EXERCISE :: No pictures belong in the copy, but every line of the material below must be reproduced exactly.

INPUT DATA ::

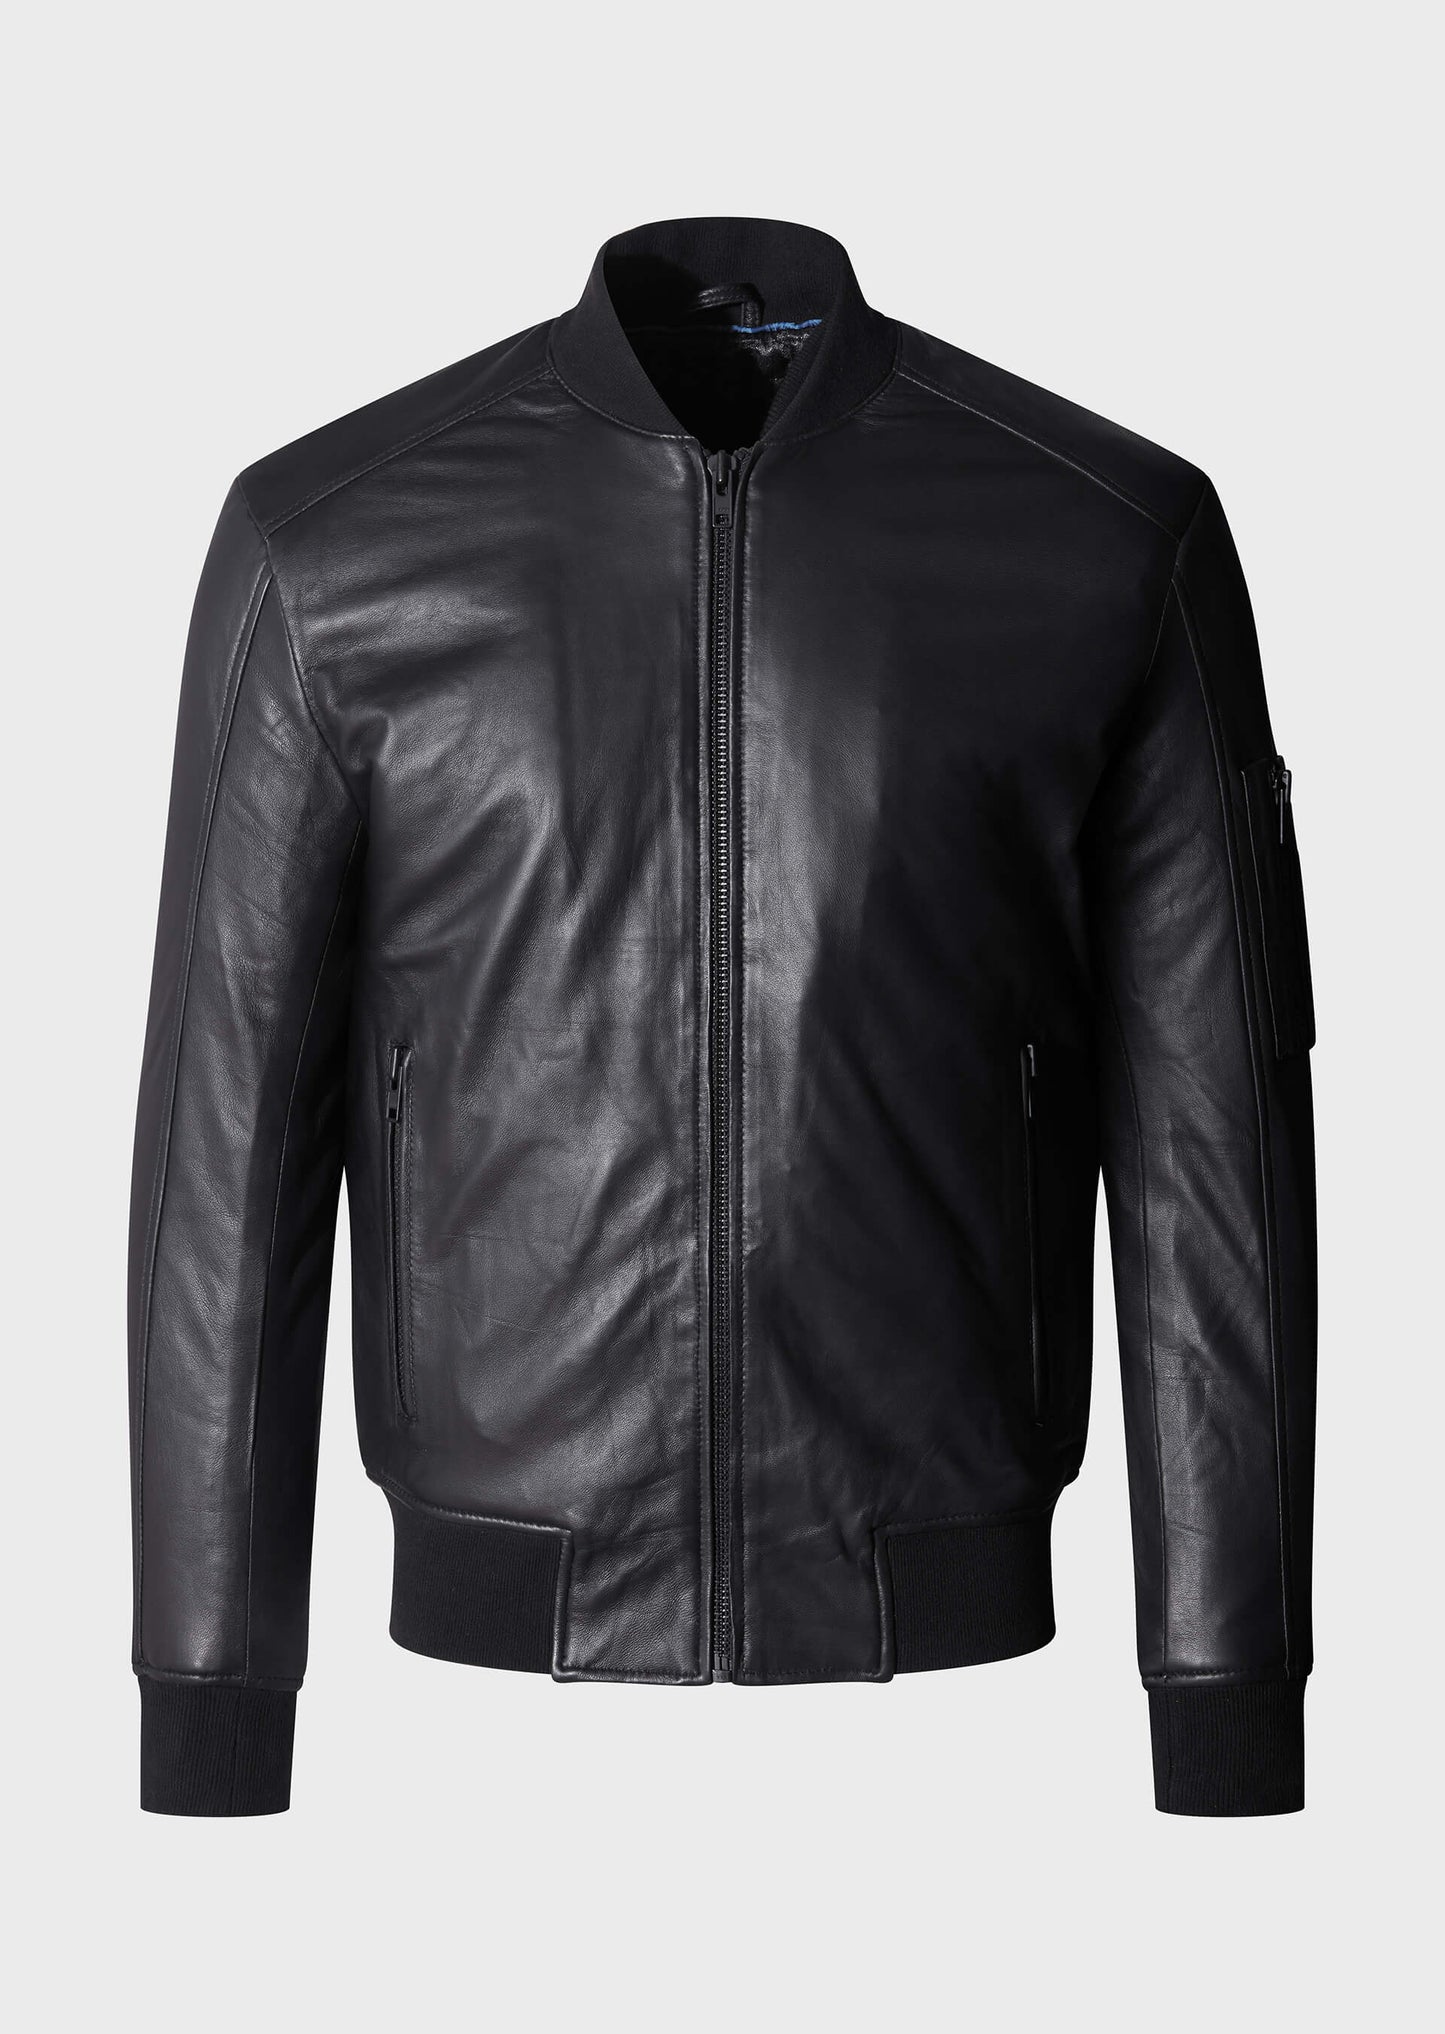 Police Lopen Black Men's Leather Jacket | 883 Police
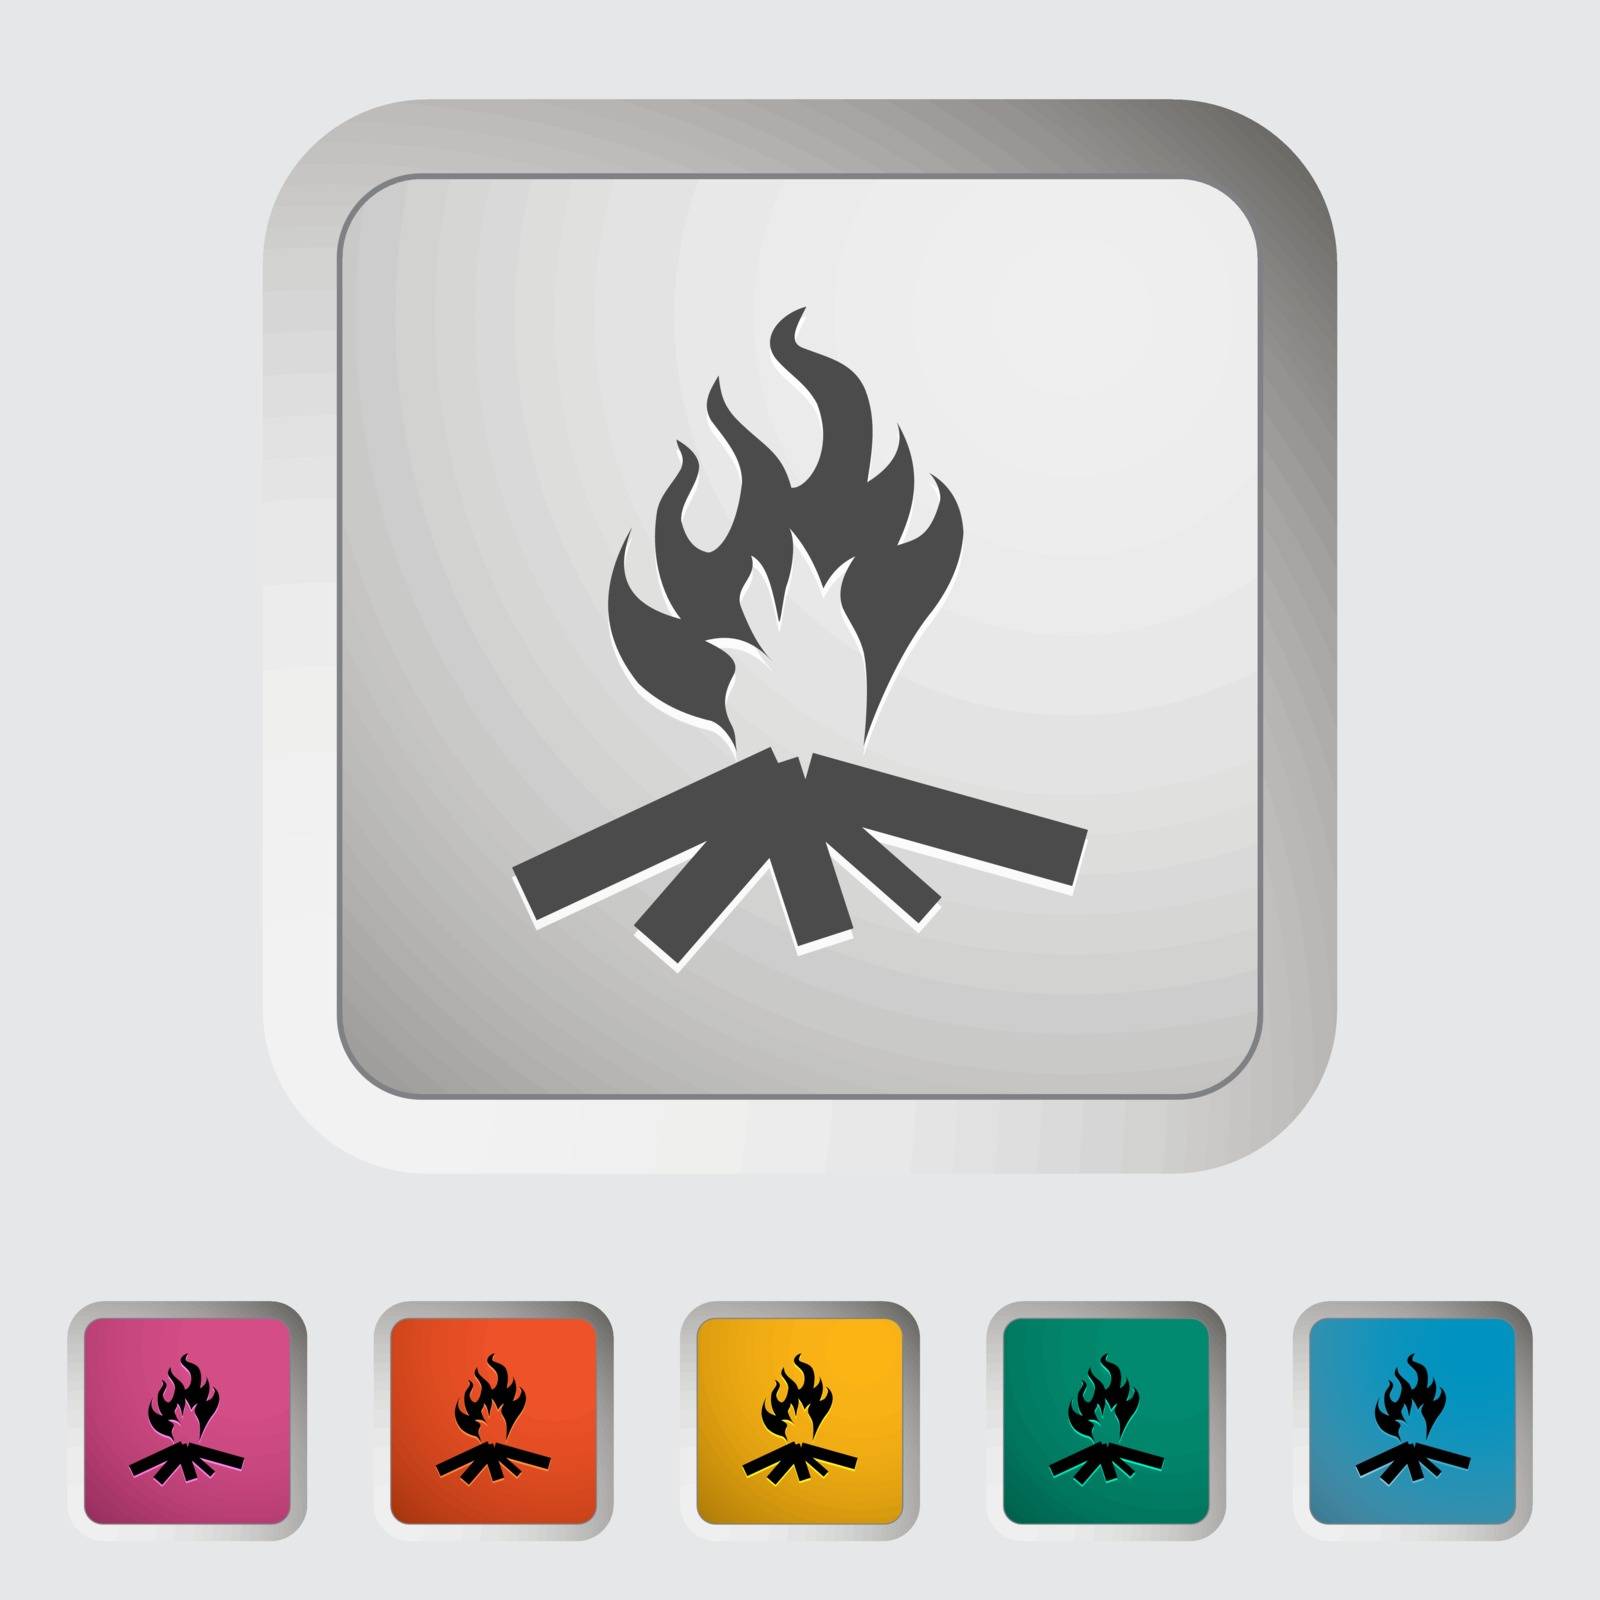 Bonfire. Single icon. Vector illustration.
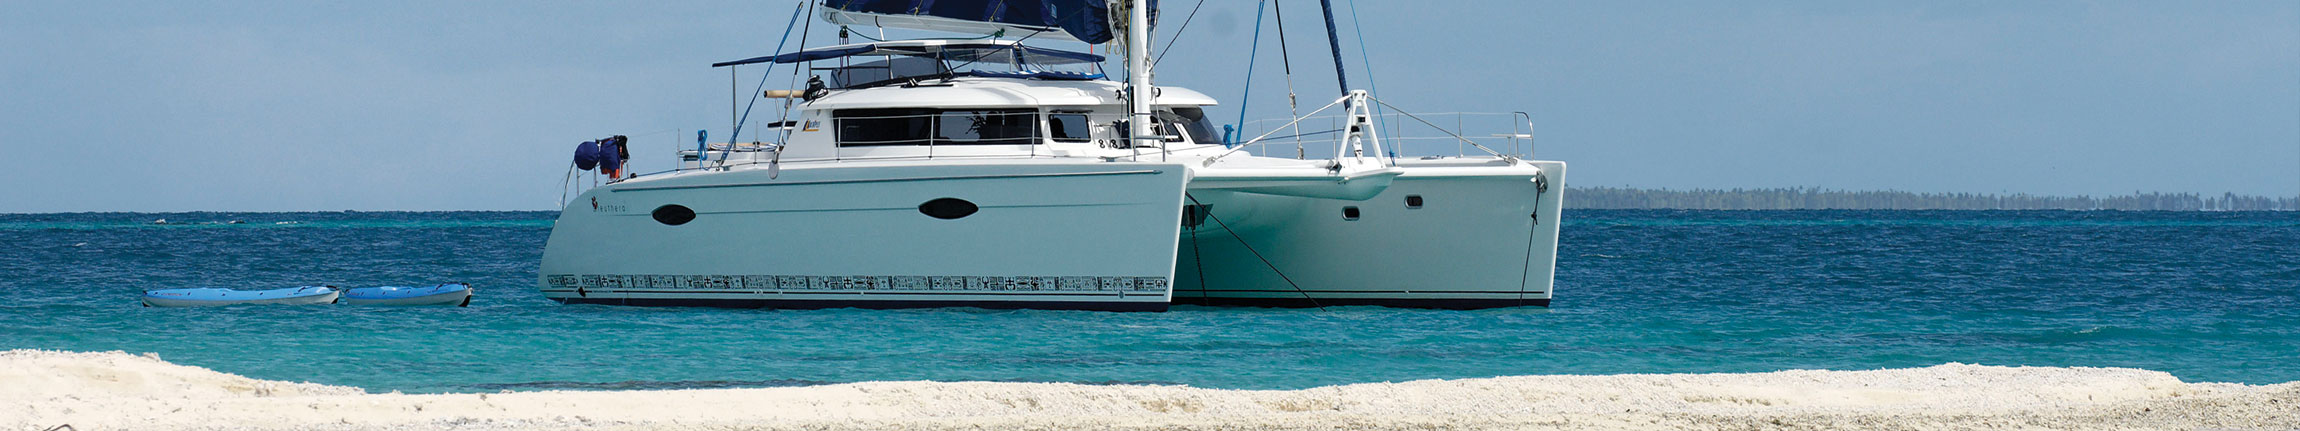 dream yacht charter tahiti reviews

REPLY ::
 Police Lopen Black Men's Leather Jacket | 883 Police
 Bonfire. Single icon. Vector illustration.
 dream yacht charter tahiti reviews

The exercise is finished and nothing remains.